- **Data block**
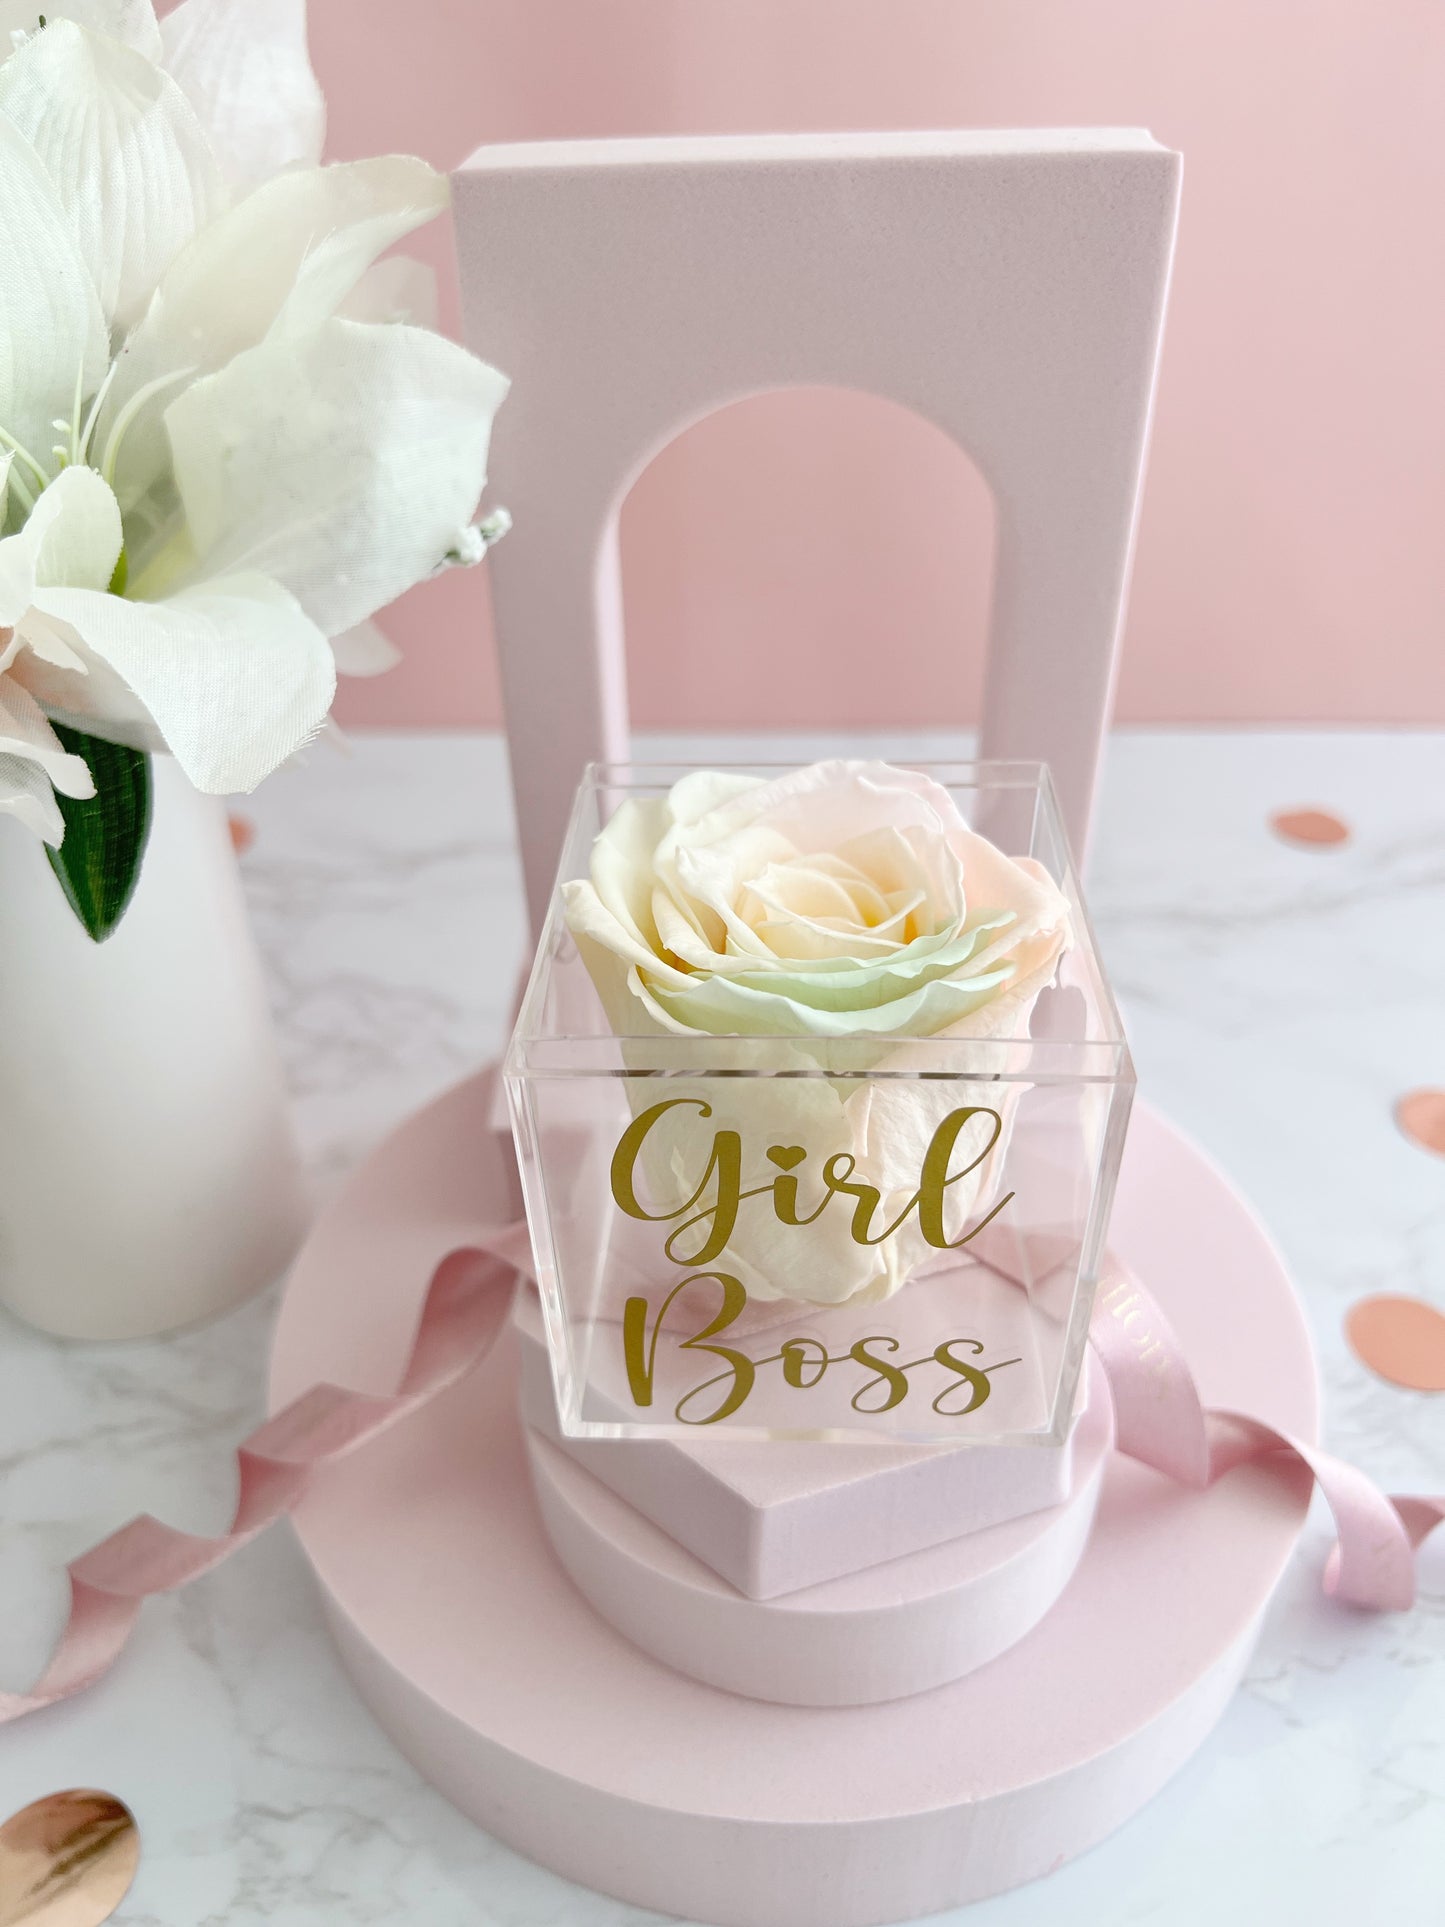 Girl Boss- Preserved Rose
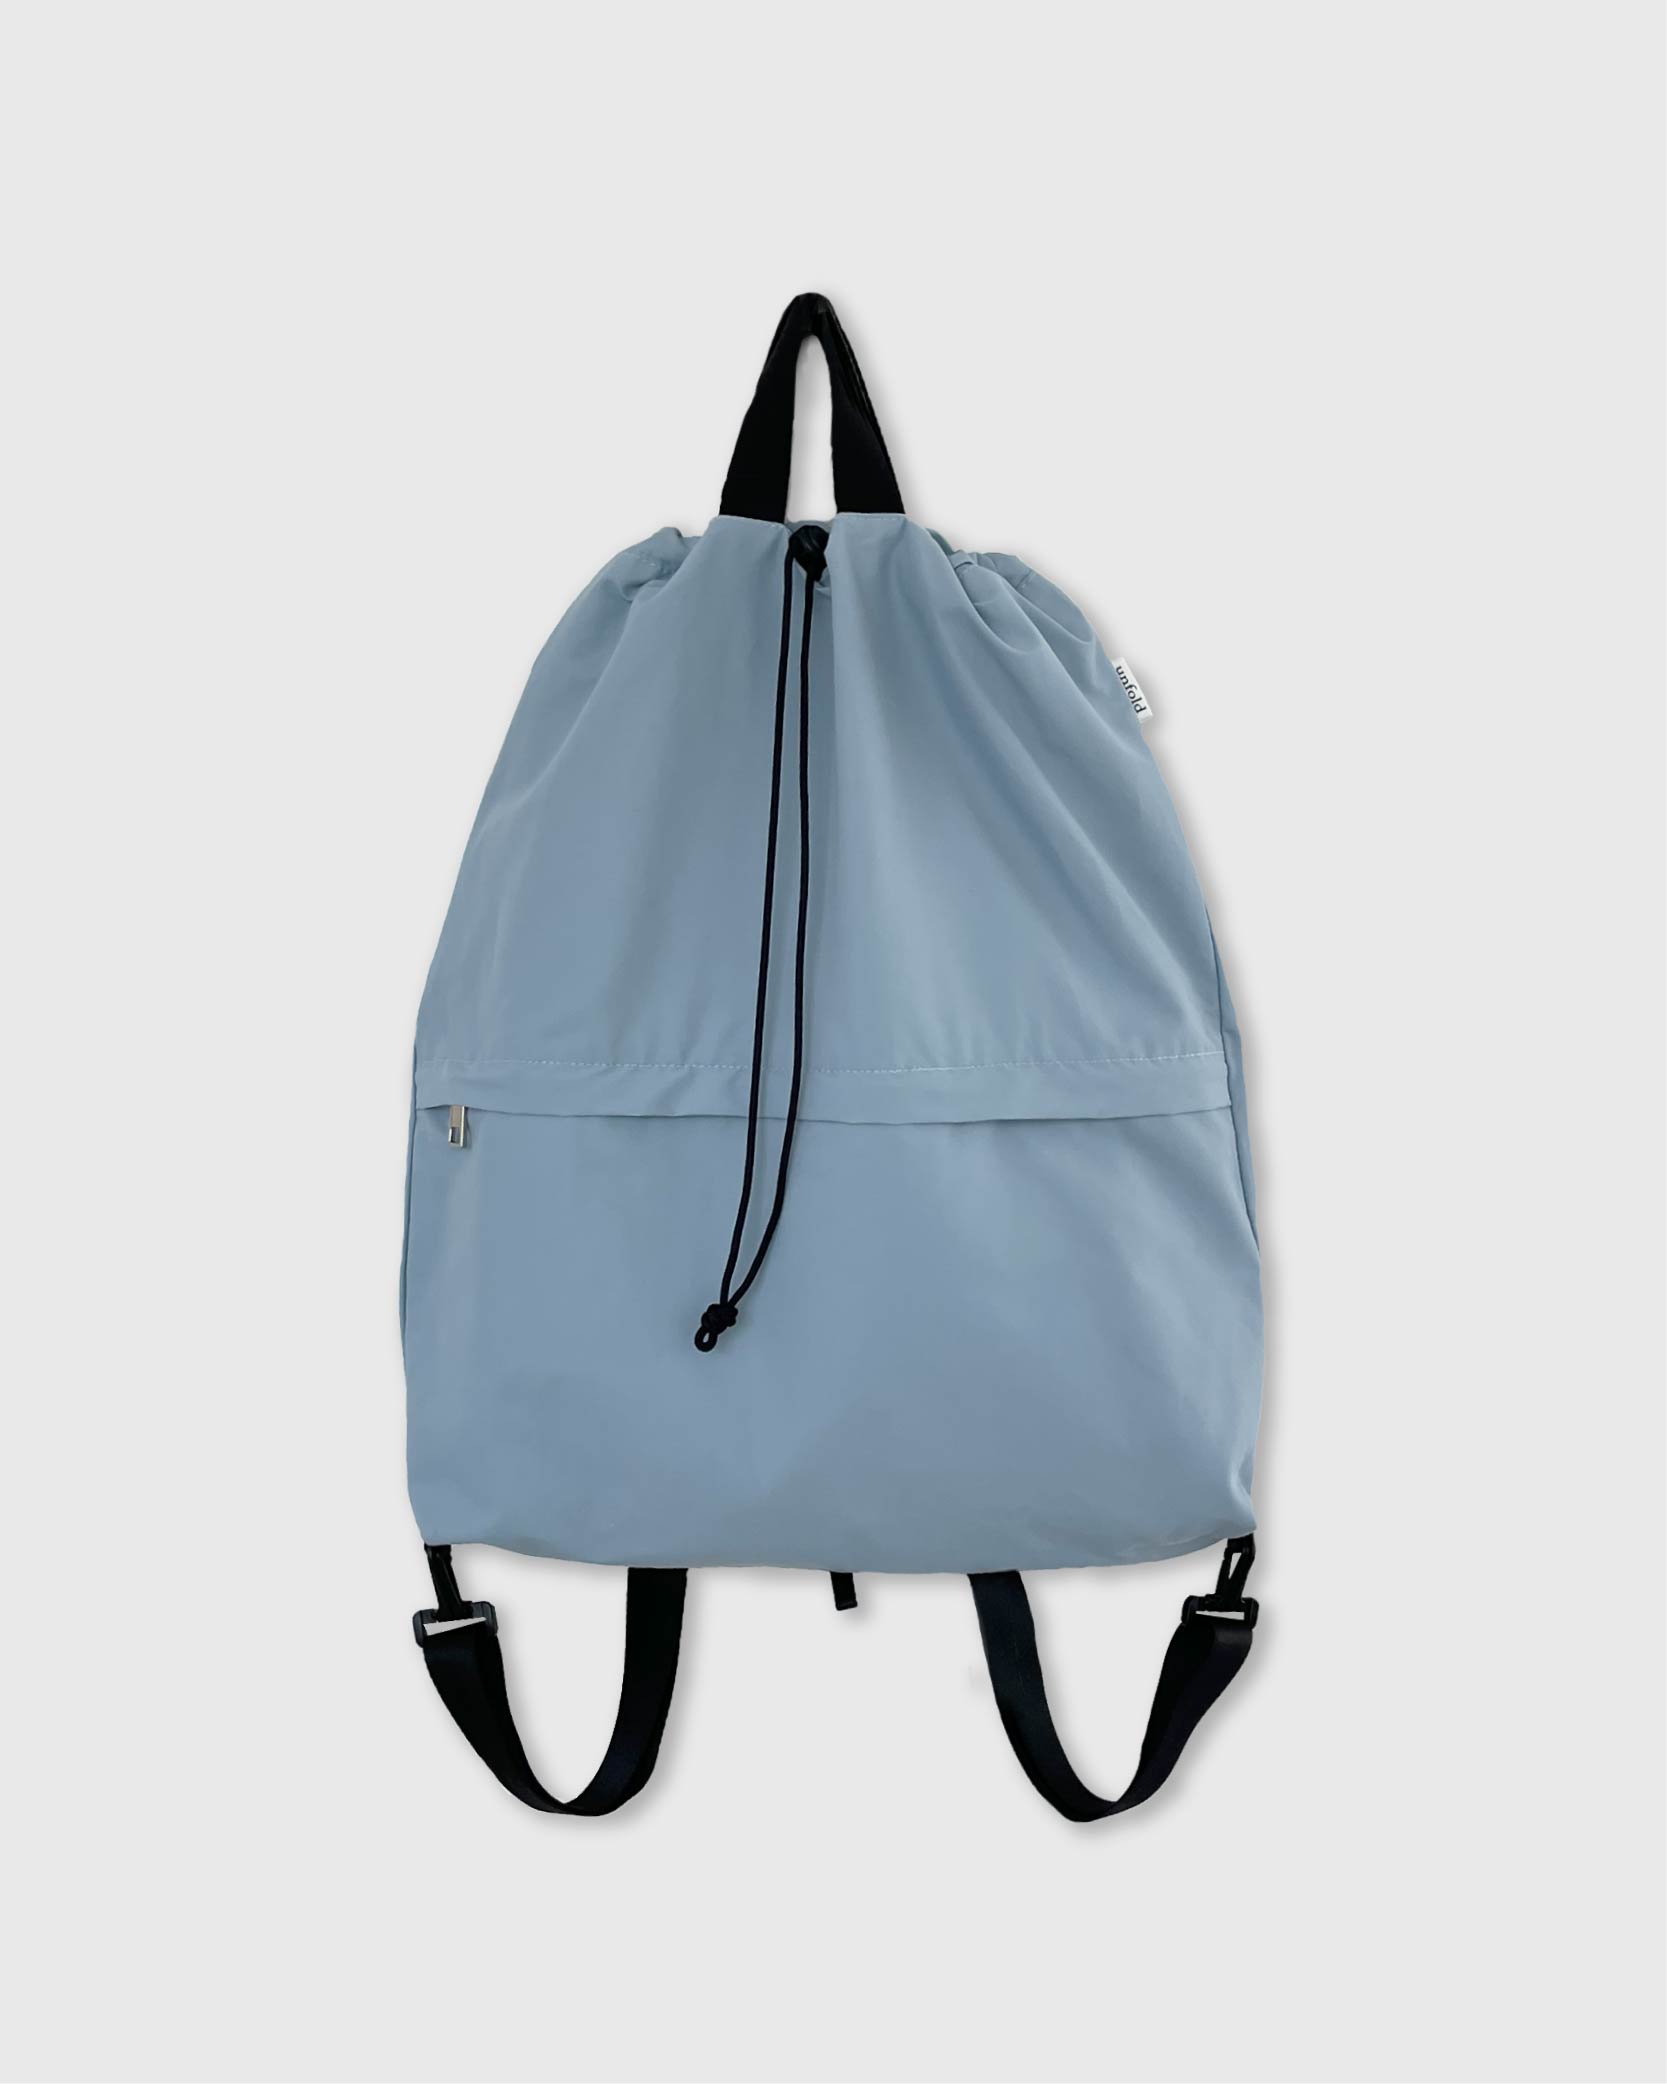 언폴드,unfold,에코백,파우치,천가방,친환경가방,String backpack (skyblue)
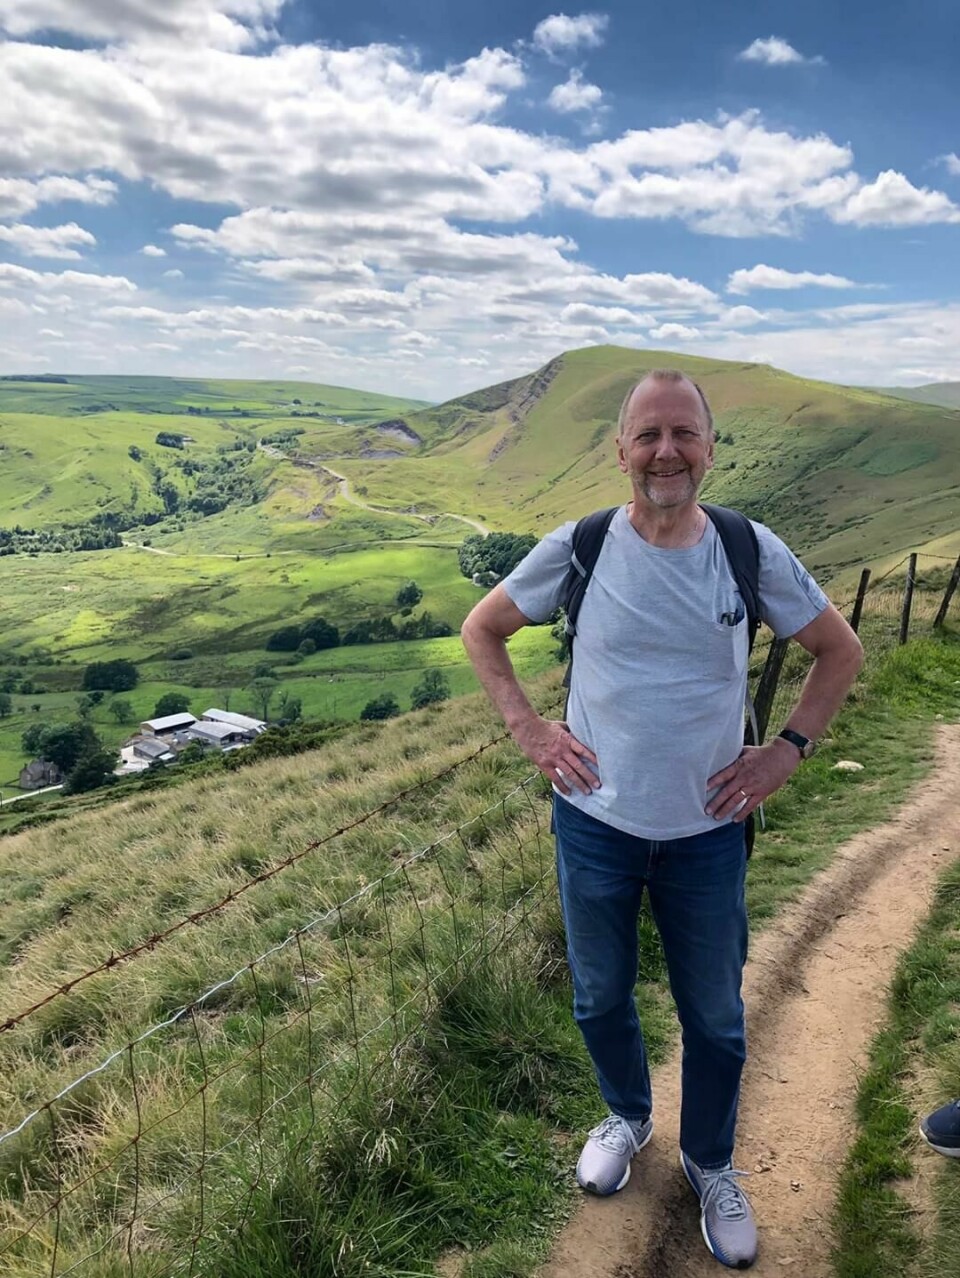 På fritiden elsker Tommy å gå i fjellet. Her er han på en av sine turer i Peak District, med Lose Hill og Greater Ridge i bakgrunnen.

- **Your objective**
When you write out the material, reproduce each line exactly and omit any picture it holds.

- **Reply to the task**
 Girl Boss- Preserved Rose
 언폴드,unfold,에코백,파우치,천가방,친환경가방,String backpack (skyblue)
 På fritiden elsker Tommy å gå i fjellet. Her er han på en av sine turer i Peak District, med Lose Hill og Greater Ridge i bakgrunnen.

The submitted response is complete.